NA treatment for the patient was initiated on June 2002 and lasted for 189 months by the end of the observation period. The antiviral schedule comprised sequentially of 33 months of LAM monotherapy, 14 months of ADV monotherapy, 10 months of ETV monotherapy, 19 months of further ADV monotherapy, 51 months of LAM+ADV combination therapy, 53 months of ETV+ADV combination therapy and 9 months of ETV+TDF combination therapy.

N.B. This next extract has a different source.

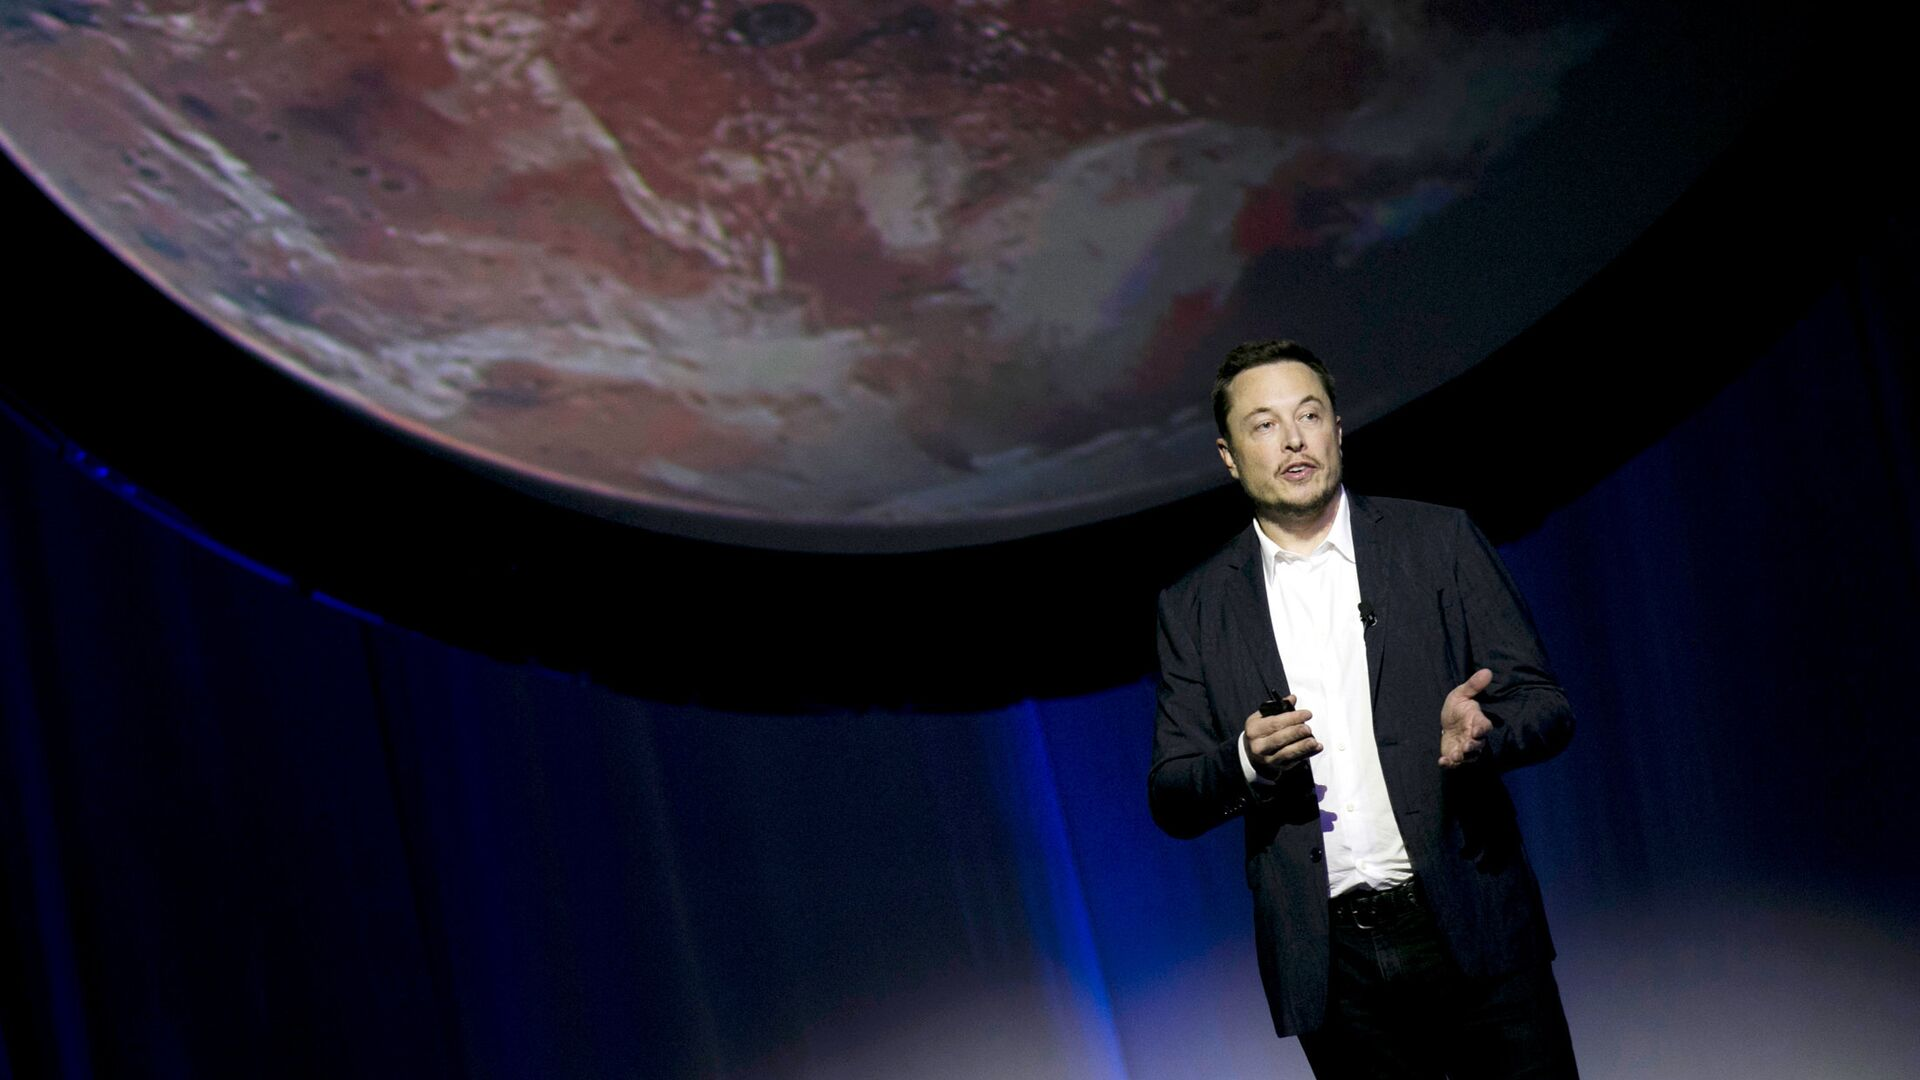 Маск хочет предложить Путину сотрудничество в космосе, считает эксперт

The dynamic changes in the clinical responses and the HBV drug-resistance mutants are shown in Figure 1. The dynamic changes from baseline to month 94 of antiviral therapies, which included 22 sampling time points (S1-S22), have been described previously [13], and are recapitulated in the Methods. After this period, the patient was maintained on LAM+ADV combination therapy which started in October 2008 (S19) up until January 2013 (S29). During this period, the HBV DNA level was maintained at a low level (<100 IU/ml) for most of the time, but fluctuated twice, that is, increased from <100 IU/ml to 7.21 x 10² IU/ml in November 2011 (S26) and to 1.31x10³ IU/ml in January 2013 (S29). A clonal sequence analysis showed that drug-resistance mutants were continuously present in the viral pools during LAM+ADV therapy. Specifically, ETV-resistance mutants were found to be present most of the time during treatment. However, the ADV-resistance mutant rtA181T+N236T became dominant at the time of the obvious fluctuations in HBV DNA (that is, S26 and S29). MDR strains were intermittently detected at S20, S25 and S28. The mutational patterns included rtL180M+A181V+S202G+M204V+N236T and rtL180M+S202G+M204V+N236T

Figure 1

The dynamic changes in the serum viral load and ALT levels and the evolution of drug-resistance and multidrug-resistance HBV strains during the course of different nucleoside and nucleotide analogue antiviral therapy

In light of the clinical response with viral resistance, the therapy was changed to an ETV+ADV combination in January 2013. As a result, HBV DNA was decreased to an undetectable level following regular clinical testing (<40 IU/ml), and there were no fluctuations in levels noted. The ALT levels basically remained in the normal range (≤40 U/l) with the exception of a slight increase that was observed twice (44 U/l in November 2014 and 49 U/l in June 2017). A clonal sequence analysis showed that the ETV-resistance mutant rtL180M+S202G+M204V was persistently present during treatment, and an MDR strain (rtL180M+A181V+S202G+M204V) was detected at one time point (S36), and three other ETV-resistance strains were found at two time points (S35 and S37) during this period.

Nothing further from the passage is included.